Structural and Ferroelectric Transition in Few-Layer HfO2 Films by First Principles Calculations

Abstract

Abstract The discovery of ferroelectricity in HfO2-based materials with high dielectric constant has inspired tremendous research interest for next-generation electronic devices. Importantly, films structure and strain are key factors in exploration of ferroelectricity in fluorite-type oxide HfO2 films. Here we investigate the structures and strain-induced ferroelectric transition in different phases of few-layer HfO2 films (layer number N = 1–5). It is found that HfO2 films for all phases are more stable with increasing films thickness. Among them, the Pmn21 (110)-oriented film is most stable, and the films of N = 4, 5 occur with a P21 ferroelectric transition under tensile strain, resulting in polarization about 11.8 μC/cm2 along in-plane a-axis.
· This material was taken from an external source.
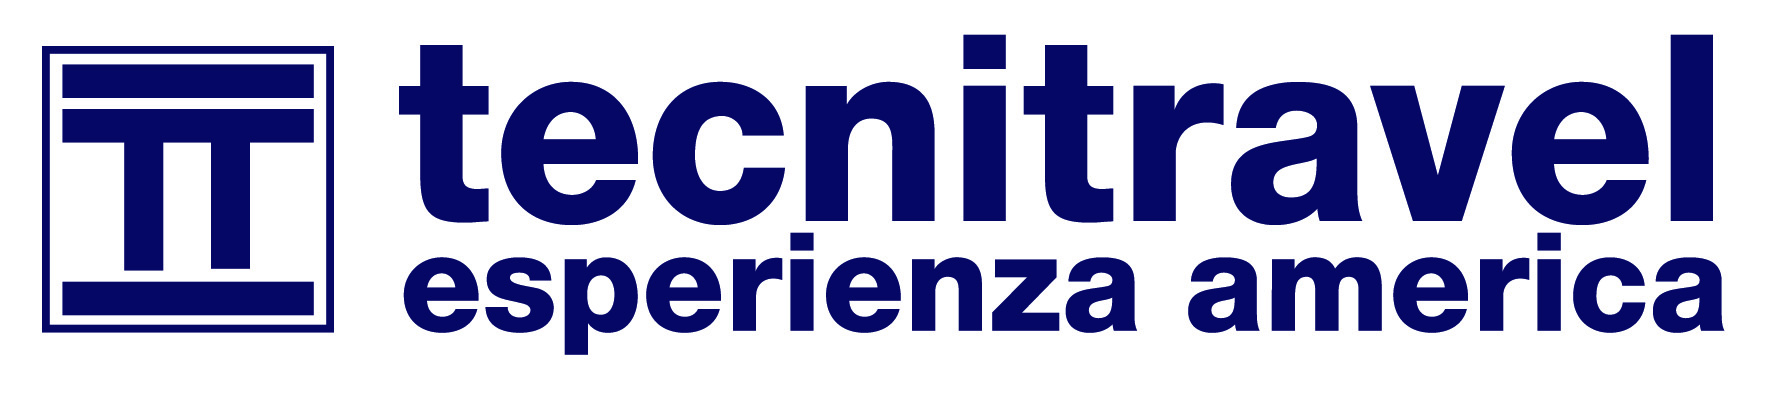 Logo TECNITRAVEL SRL - ESPERIENZA AMERICANA

The ferroelectric transition is caused by the strain, which induces the displacement of Hf and O atoms on the surface to non-centrosymmetric positions away from the original paraelectric positions, accompanied by the change of surface Hf–O bond lengths. More importantly, three new stable HfO2 2D structures are discovered, together with analyses of computed electronic structures, mechanical, and dielectric properties. This work provides guidance for theoretical and experimental study of the new structures and strain-tuned ferroelectricity in freestanding HfO2 films.